What is expected =
Return the listing exactly as it appears, but strip out the images.

Data section =
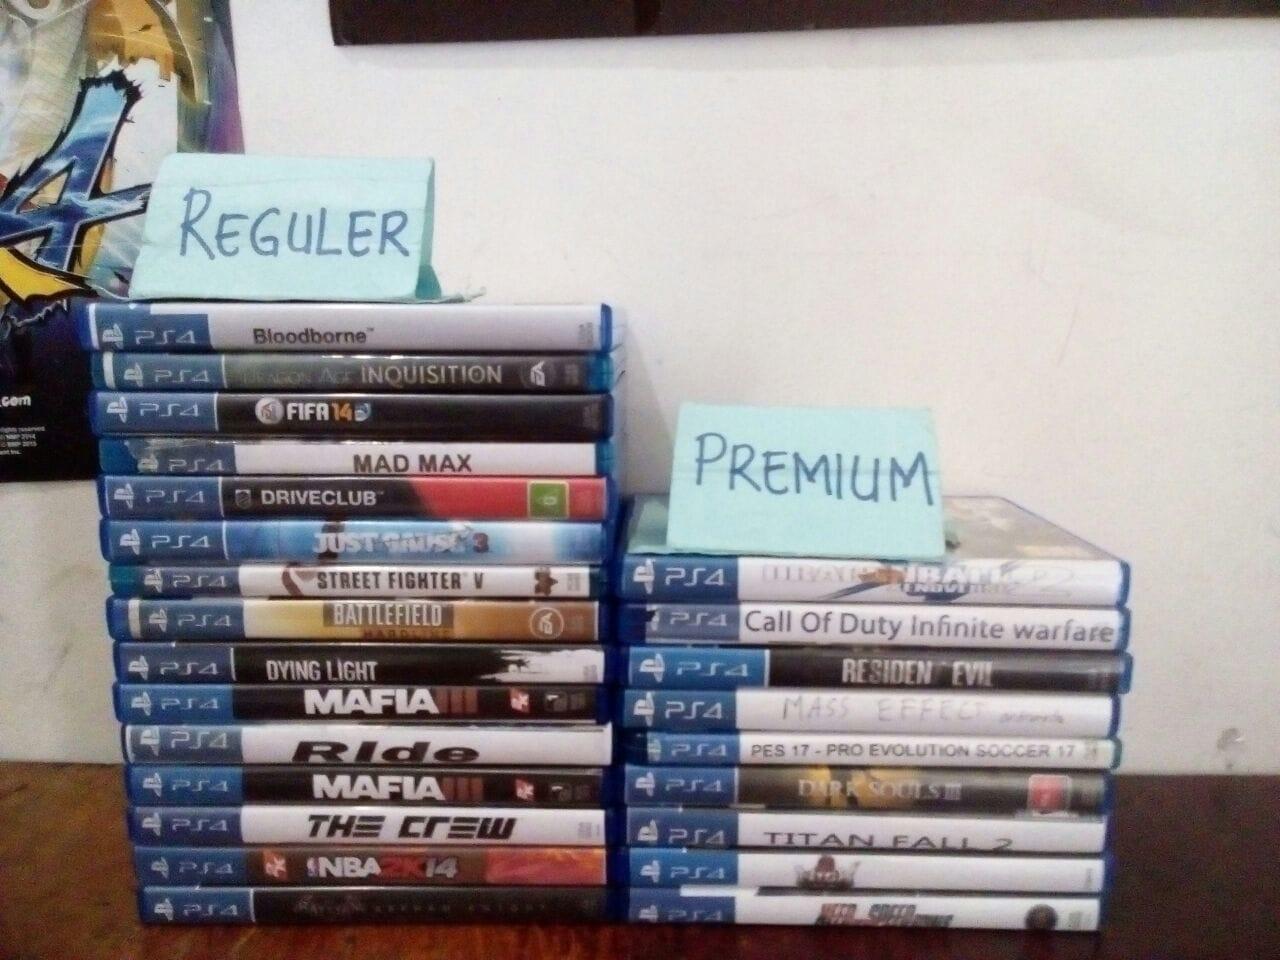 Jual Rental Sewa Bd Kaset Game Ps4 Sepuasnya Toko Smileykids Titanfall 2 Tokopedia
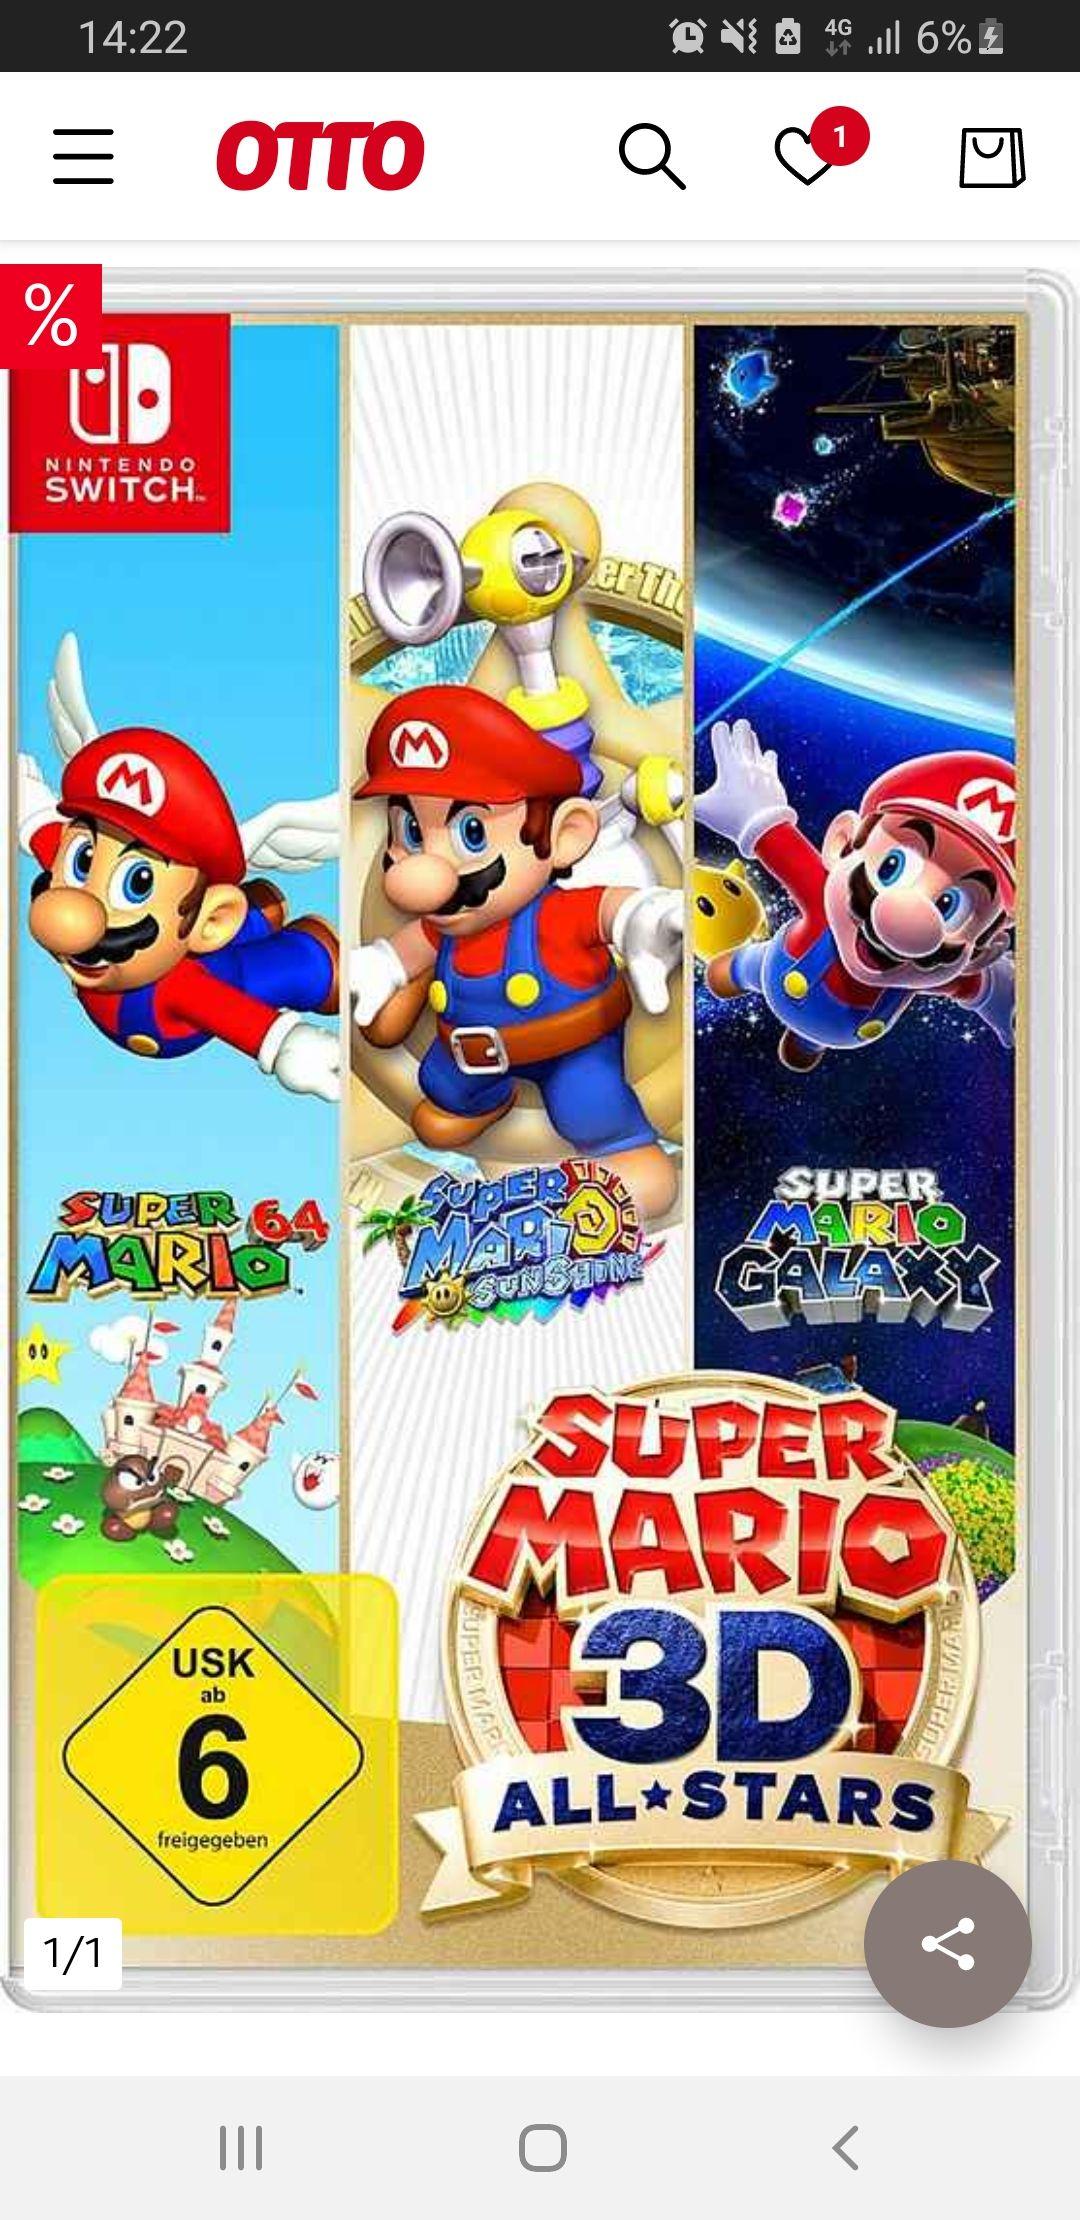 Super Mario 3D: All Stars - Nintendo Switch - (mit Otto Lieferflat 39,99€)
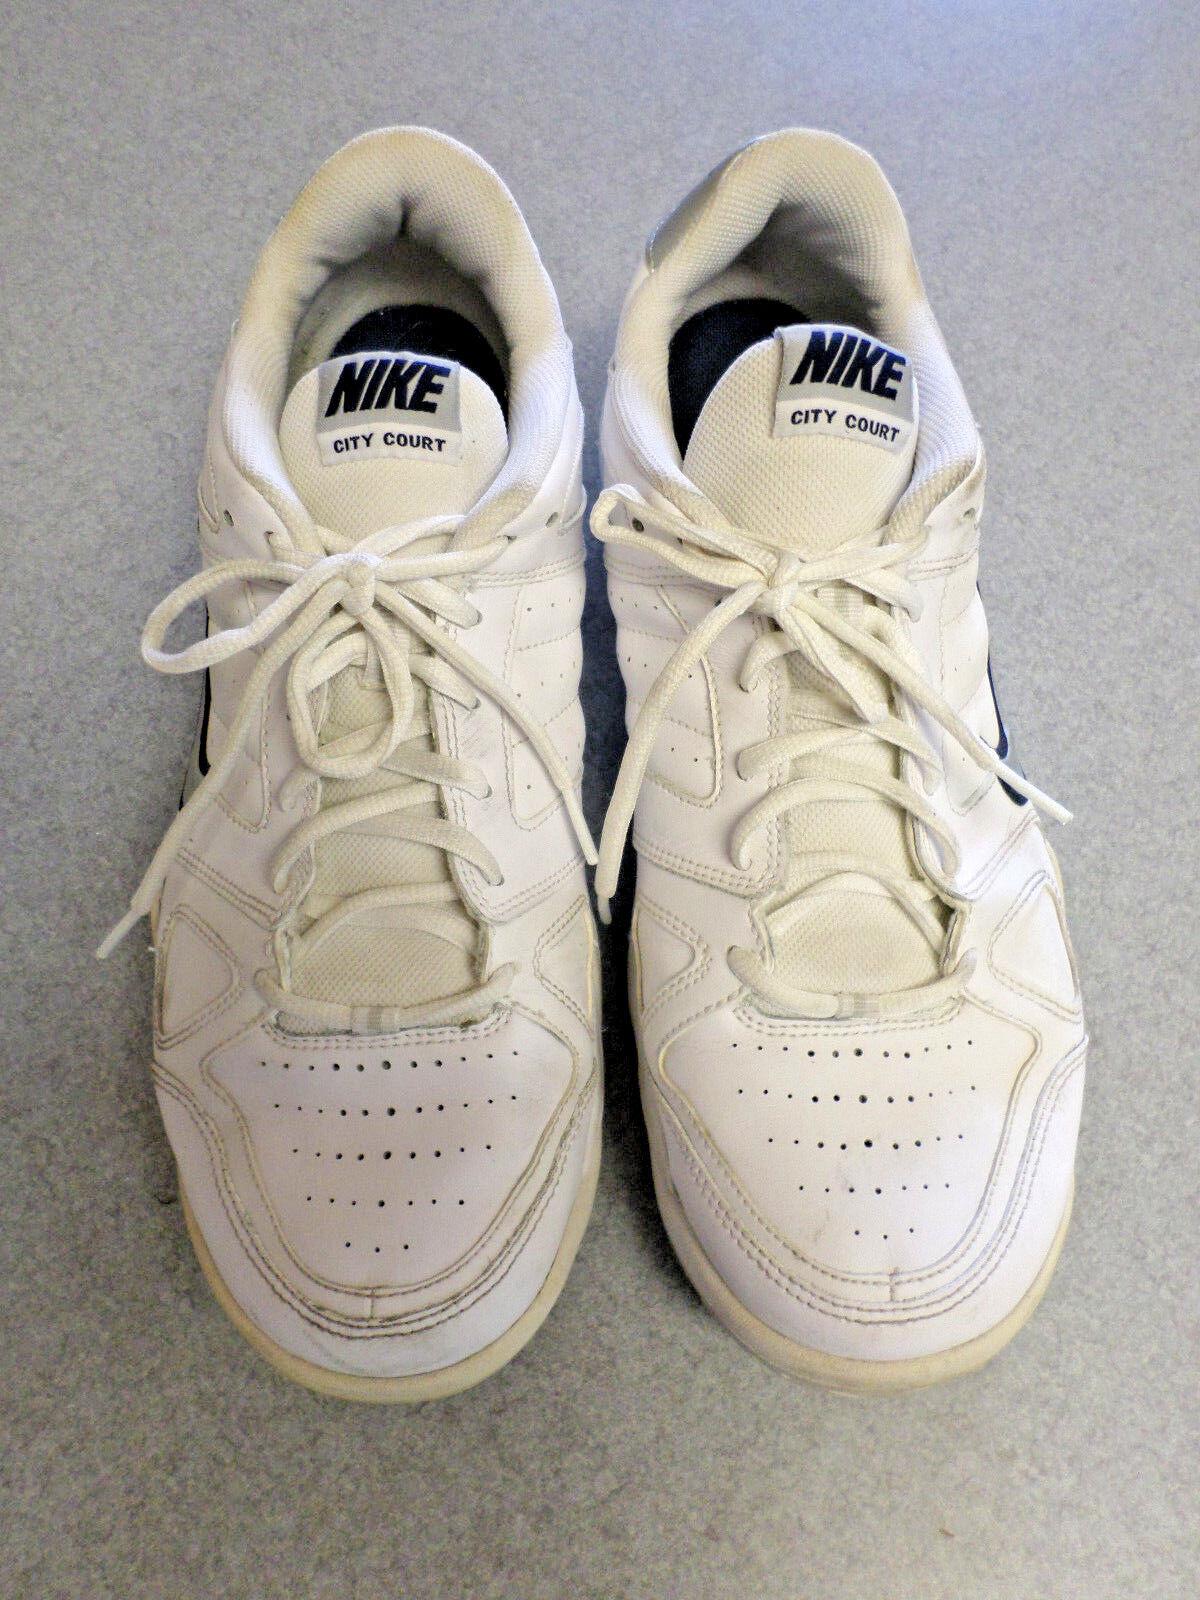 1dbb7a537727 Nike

Exercise response =
 Jual Rental Sewa Bd Kaset Game Ps4 Sepuasnya Toko Smileykids Titanfall 2 Tokopedia
 Super Mario 3D: All Stars - Nintendo Switch - (mit Otto Lieferflat 39,99€)
 1dbb7a537727 Nike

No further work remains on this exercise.